ARCHITECTURE AND INTRASTERIC REGULATION OF GIANT PROTEIN KINASES. B. Kobe, J. Heierhorst, S.C. Feil, M.W. Parker, G.M. Benian* and B.E. Kemp. St. Vincent's Institute of Medical Research, 41 Victoria Parade, Fitzroy, Victoria 3065, Australia; *Dept. of Pathology, Emory University, Atlanta, Georgia 30322, USA.

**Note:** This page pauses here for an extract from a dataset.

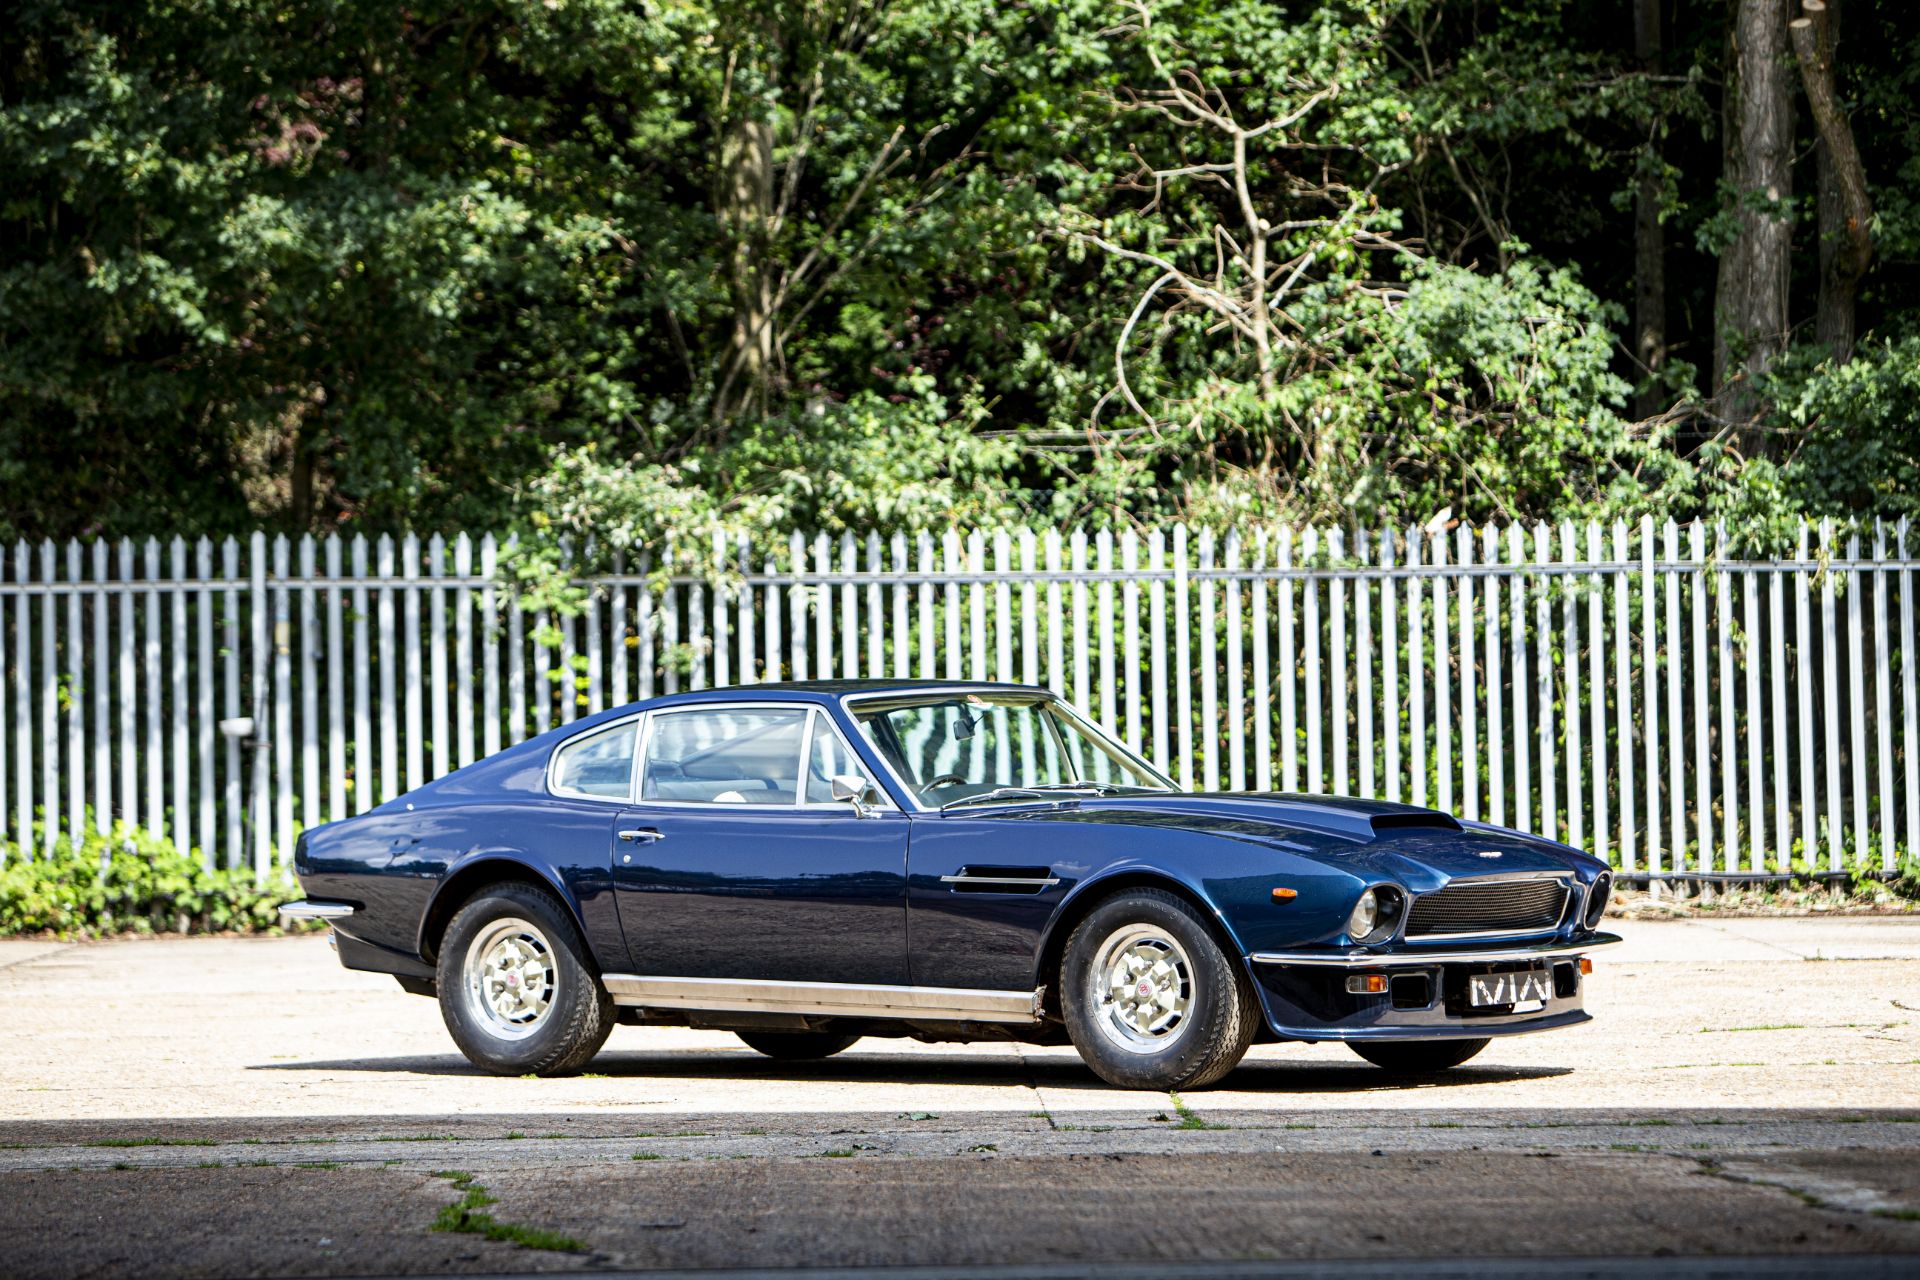 1978 Aston Martin V8 Series 3 Sports Saloon Chassis no. V8/11868/RCAS - Image 2 of 2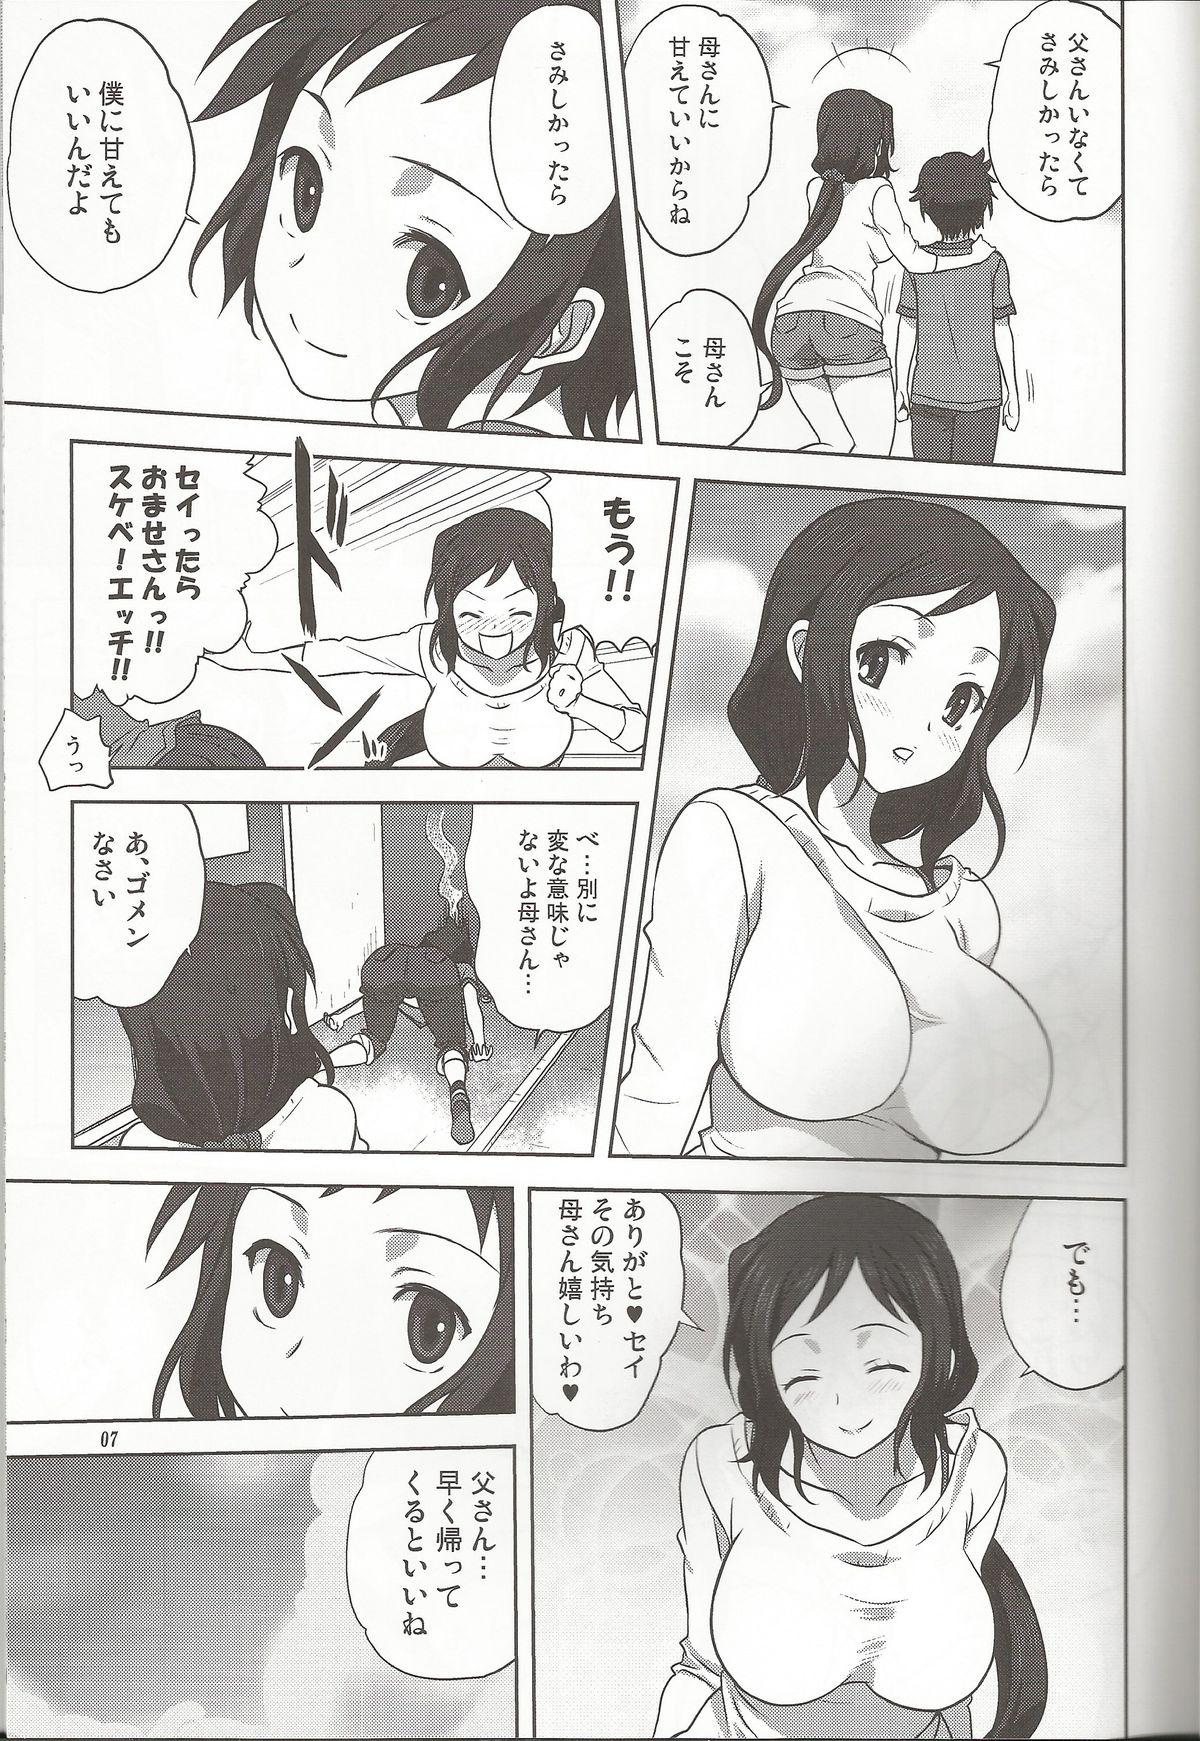 Yanks Featured Rinko-mama to Issho 2 - Gundam build fighters She - Page 6

Protein kinases are key regulatory enzymes in most cellular processes and must themselves be tightly regulated. Such regulation is often achieved by an intrasteric mechanism, where a part of the enzyme binds to the active site and autoinhibits its activity. The giant myosin associated proteins twitchin, projectin and titin are the largest members of the protein kinase family (600-3000 kDa) and have important roles in muscle contraction and cytoskeletal structure. Their sequences consist of numerous fibronectin type III-like and immunoglobulin (Ig)-like motifs, and a single autoinhibited protein Ser/Thr kinase structurally related to vertebrate myosin light chain kinases. We have recently shown that twitchin can be activated by the Ca²⁺/S100A1₂ protein complex. To study the regulatory mechanisms of giant protein kinases, we determined the crystal structures of two recombinant fragments of twitchin. The structure of the autoinhibited twitchin kinase from Aplysia (A) reveals the conservation and flexibility of the autoinhibitory mechanism in giant protein kinases. The autoinhibitory sequence is positioned in the cleft between the two protein kinase lobes and inhibits the kinase by extensive contacts with residues implicated in substrate binding, ATP binding and catalysis. The structure of an extended fragment of C. elegans twitchin (B) containing the autoinhibited kinase domain and a C-terminal Ig-like domain shows that the Ig-like domain extends from the kinase domain opposite to the active site and exposes possible myosin-interacting surfaces. Our studies of the regulation and domain architecture of giant protein kinases jointly with an analysis of autoinhibitory sequences of other autoinhibited kinases point to possible common and diverse features of the intrasteric regulatory mechanisms.